While our study demonstrated significant upregulation of apoptosis-related genes at the transcriptional level (CASP3, CASP9, BAX), we acknowledge that protein-level validation is essential to confirm functional apoptosis execution. Previous studies have established strong correlations between mRNA and protein levels for these key apoptosis regulators in breast cancer cells [
50]. For instance, Sarkar et al. showed that curcumin-induced CASP3 mRNA upregulation directly translated to increased cleaved caspase-3 protein in MCF-7 cells. Similarly, the BAX/BCL-2 ratio, a critical determinant of mitochondrial apoptosis commitment, has been consistently shown to correlate at both transcriptional and translational levels in response to chemotherapeutic agents [
28]. Nevertheless, it should be emphasized that mRNA abundance does not invariably predict protein activity, particularly for caspases, which require post-translational cleavage for activation. Therefore, although our transcriptional findings are directionally consistent with intrinsic apoptotic activation and are supported by functional assays (Annexin V positivity and caspase activity measurements), future studies incorporating Western blot or immunodetection of cleaved caspase forms and BAX/BCL-2 protein levels would further strengthen mechanistic confirmation.

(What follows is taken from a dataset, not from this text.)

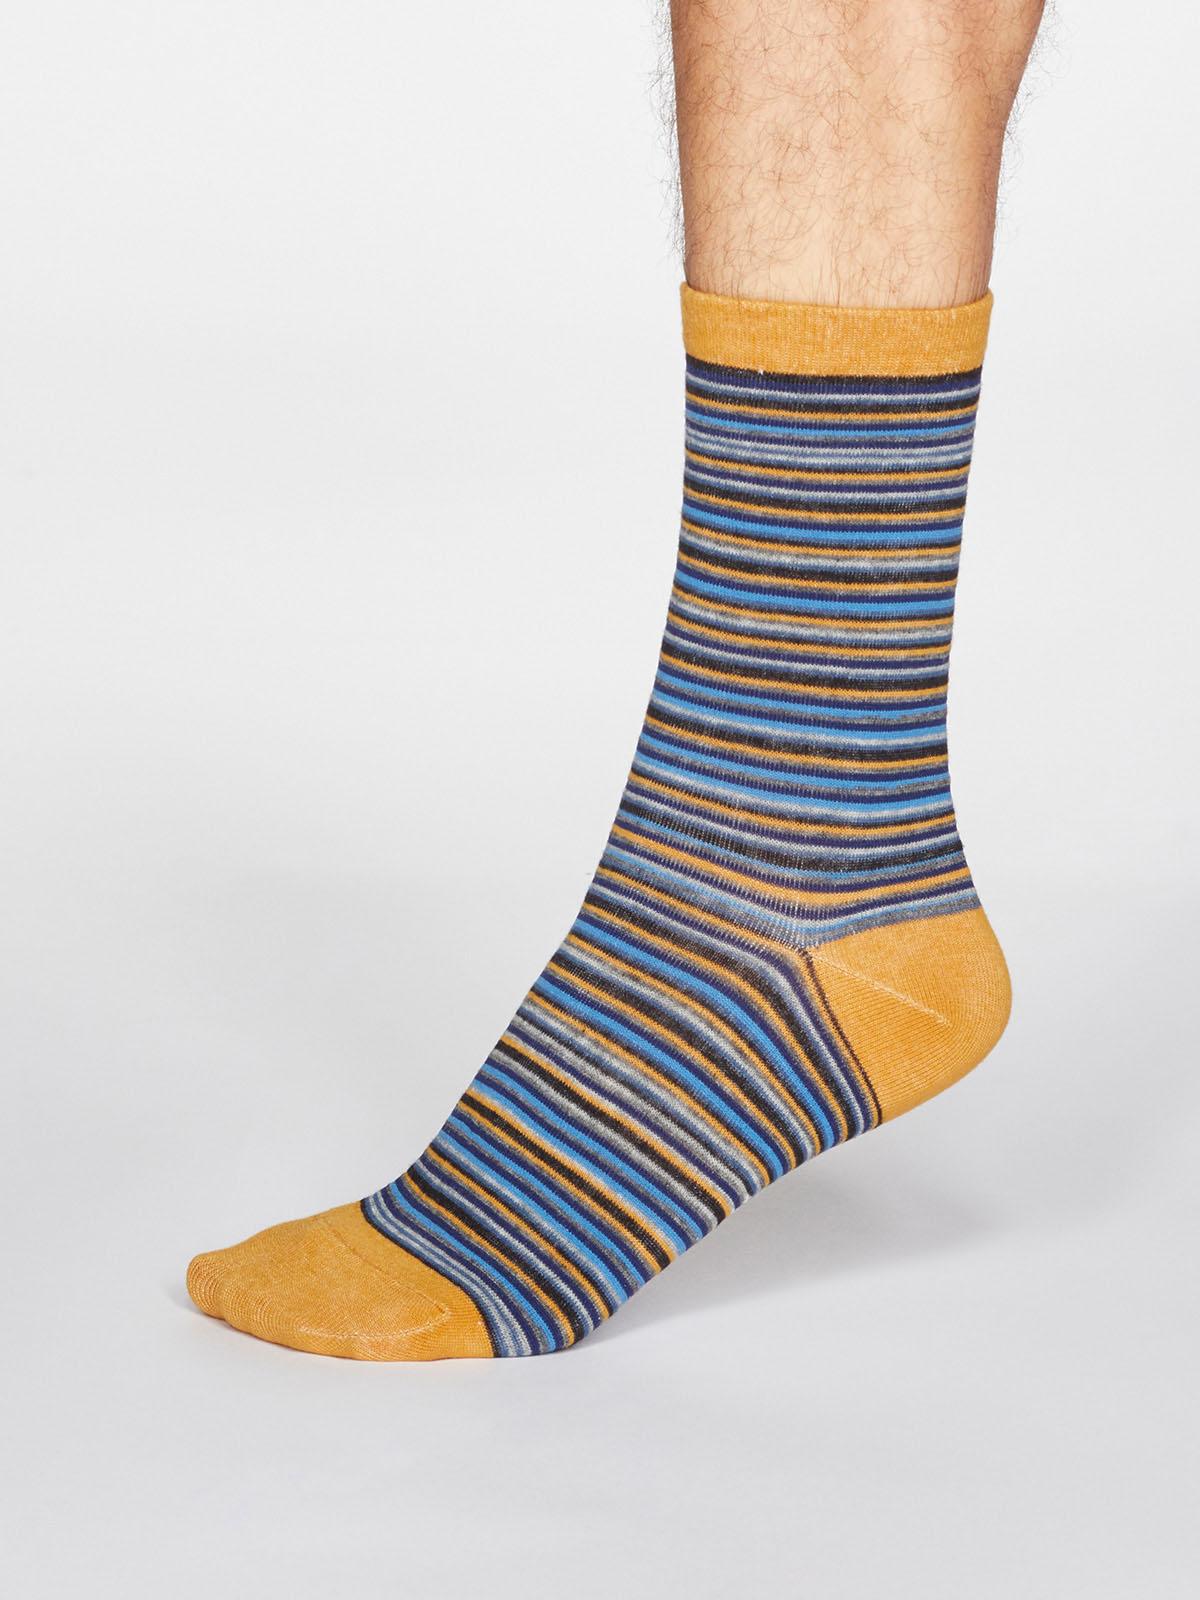 Jacob Stripe Socks - Mustard Yellow - Thought Clothing UK

Nevertheless, future studies should include Western blot analysis of cleaved CASP3, cleaved CASP9, PARP cleavage, and quantitative assessment of BAX/BCL-2 protein ratios to provide definitive protein-level confirmation. Integration of these protein-based endpoints with the already established caspase activity assays would further substantiate execution-phase apoptosis. Additional techniques such as immunocytochemistry and confocal imaging to visualize mitochondrial localization and cytochrome c release would further strengthen these findings. Moreover, in vivo validation of the Cur and Gem combination using orthotopic and patient-derived xenograft models, particularly in triple-negative breast cancer, is warranted to confirm therapeutic efficacy within a physiologically relevant tumor microenvironment. Incorporation of optimized Cur delivery platforms will be critical to overcome pharmacokinetic limitations and evaluate therapeutic efficacy at clinically relevant exposure levels. In addition, direct assessment of intracellular redox dynamics, including mitochondrial-specific ROS measurements and real-time ΔΨm monitoring, as well as DNA damage response markers, will further refine the mechanistic framework proposed here. Expanding this strategy to additional breast cancer subtypes and drug-resistant models may facilitate biomarker-driven patient stratification and rational clinical translation.